28 décembre 2019

Sophie, telle

Trois fois

                    Je n'avais pas du tout aimé Quand le diable sortit de la salle de bain. D'ailleurs je m'en suis débarrassé très vite. Voir Les malheurs de Sophie .Je n'aurais jamais acheté Trois fois la fin du monde. Nous en serions restés là si une amie ne me l'avait laissé dans les mains, me disant que ça se lisait vite,. Alors pourquoi pas? Résultat: pas si mal, curieusement organisé en trois parties très dissymétriques, mais pas si mal. Enfin n'exagérons rien.

                   La première fin du monde, à mon avis, on peut la sauter, une cinquantaine de pages sur l'univers carcéral. J'en ai marre de la prison à la télé, au cinéma, dans les livres. Joseph Kamal y a atterri après un braquage qui a mal tourné. Divry s'y complait dans le sordide et la surenchère. C'est facile et somme toute assez moche. Tant pis pour Joseph. Mais il en est sauvé par une deuxième fin du monde, qui ne court que sur quelques pages et qui raconte la catastrophe, très sobrement.
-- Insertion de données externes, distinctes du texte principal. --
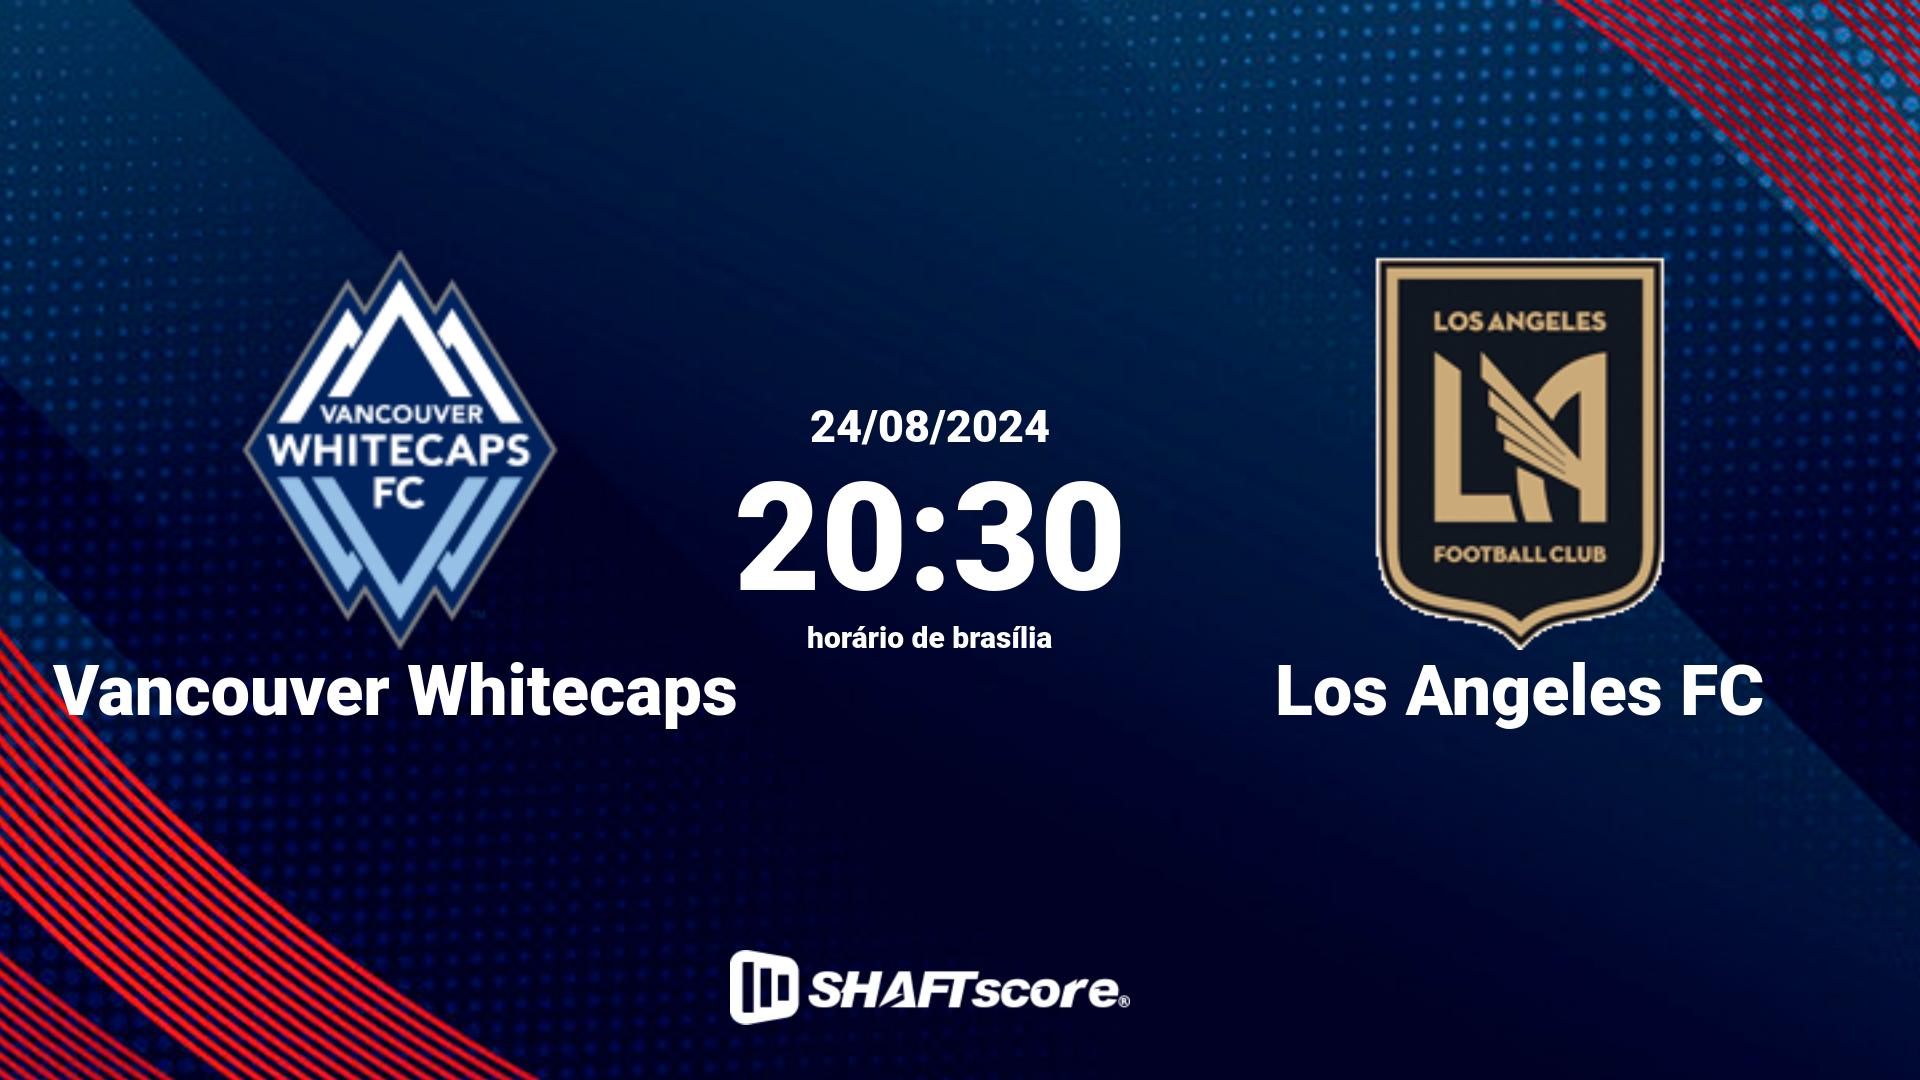 Estatísticas do jogo Vancouver Whitecaps vs Los Angeles FC 24.08 20:30

                   La troisième apocalypse est de loin plus attachante. Suffira-t-elle à rallier vos  suffrages? Dans un style un peu irritant, abusant du verlan dont elle semble penser que c'est le summum de la créativité littéraire, s'amusant à passer du je au vous, caprice, l'auteure parvient cependant à nous intéresser, même à nous émouvoir, avec Joseph-Robinson, qui trouvera deux Vendredi, un mouton et un chat. C'est à l'histoire de sa survie qu'on assiste. Et ça n'est pas désagréable. On finit par souhaiter le meilleur à Joseph bien que Divry continue de délivrer un message pas mal démagogique déjà très présent dans le livre cité plus haut. A savoir, mais vous aviez compris, que l'homme parmi les hommes c'est l'enfer, et que l'homme seul c'est...l'enfer. Bien. Par contre en parlant des arbres et des fruits, de la nature et de la vie qui grouille malgré tout, elle se révèle un peu plus intéressante. Pour le reste elle nous l'assène un peu.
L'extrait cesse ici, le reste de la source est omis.